If you're looking to make a nice binned scatter plot with a regression line and you don't need to account for any control variables use seaborn.regplot! If you're looking for a Python analog to Stata's binscatter, read on.
Stata's binscatter
is described fully by Michael Stepner
here. You can use this Python version in
essentially the same way you use Matplotlib functions like plot
and scatter
.
A more extensive description is here.
-
Copy and paste: Binscatter's meaningful code consists of consists of just one file. You can copy
binscatter/binscatter.py
into the directory the rest of your code is in. If you are missing dependencies, you may first need to install them. One way of doing that is withpip install -r requirements.txt
. -
Install
binscatter
via pip: To make it easier to usebinscatter
in multiple projects and directories, open a terminal and- git clone https://github.com/esantorella/binscatter.git
- cd binscatter
- pip install .
import binscatter
import pandas as pd
import numpy as np
from matplotlib import pyplot as plt
# Create fake data
n_obs = 1000
data = pd.DataFrame({"experience": np.random.poisson(4, n_obs) + 1})

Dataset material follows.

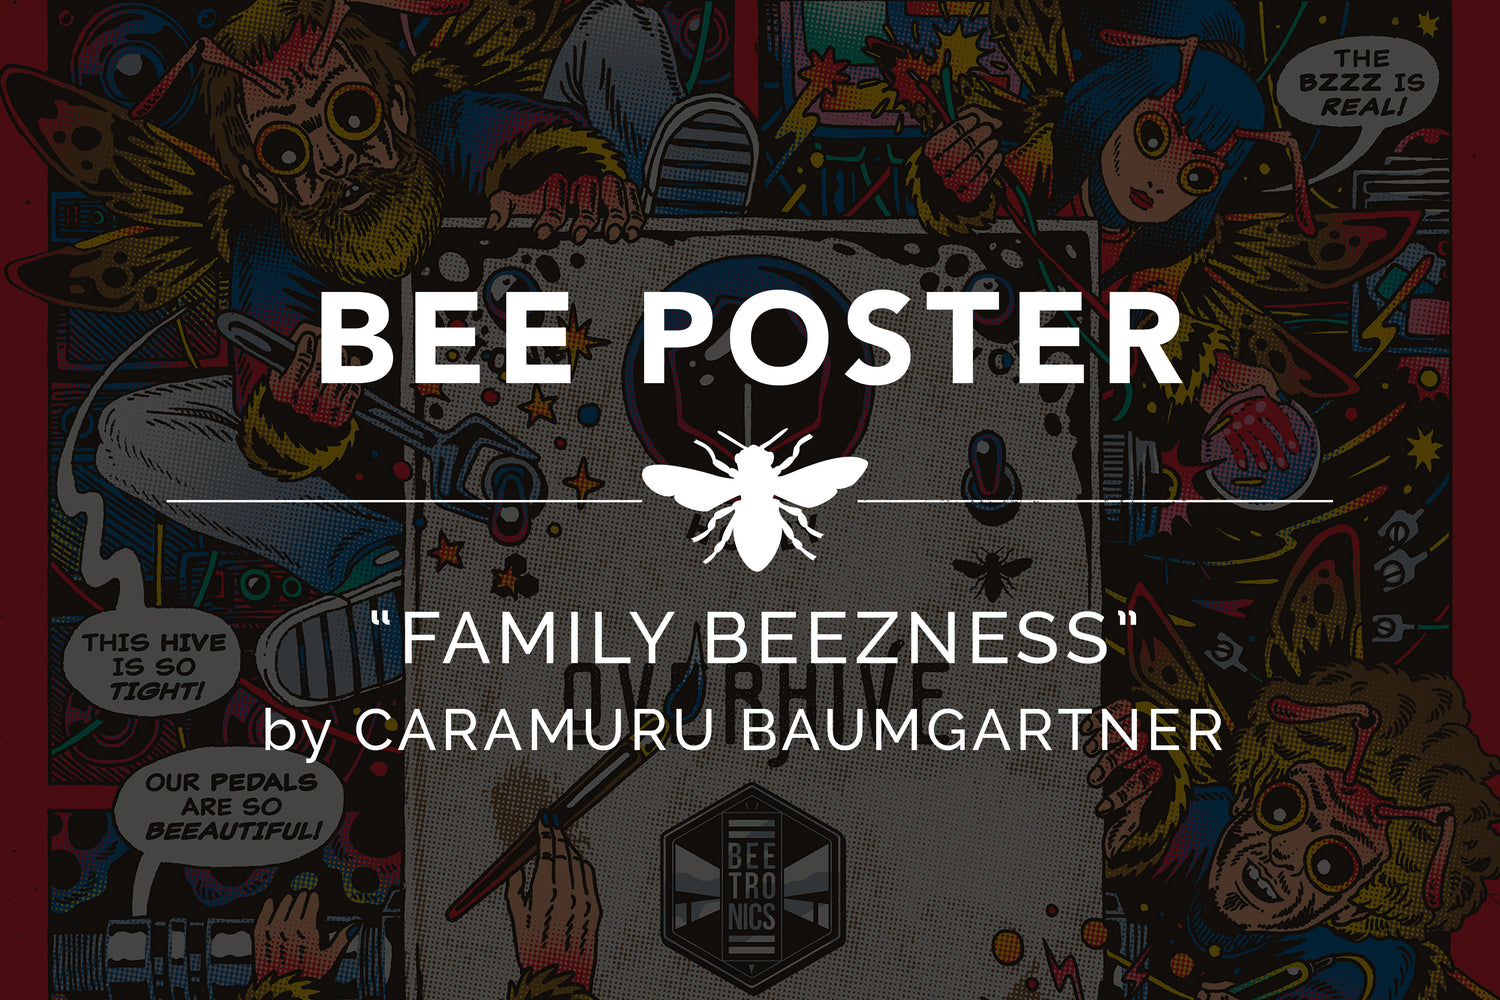 BEE POSTER - "Family Beezness" by Caramuru Baumgartner

data["Tenure"] = data["experience"] + np.random.normal(0, 1, n_obs)
data["Wage"] = data["experience"] + data["Tenure"] + np.random.normal(0, 1, n_obs)
fig, axes = plt.subplots(2, sharex=True, sharey=True)
# Binned scatter plot of Wage vs Tenure
axes[0].binscatter(data["Tenure"], data["Wage"])
# Binned scatter plot that partials out the effect of experience
axes[1].binscatter(
data["Tenure"],
data["Wage"],
controls=data["experience"],
recenter_x=True,
recenter_y=True,
)
axes[1].set_xlabel("Tenure (residualized, recentered)")
axes[1].set_ylabel("Wage (residualized, recentered)")
plt.tight_layout()
plt.show()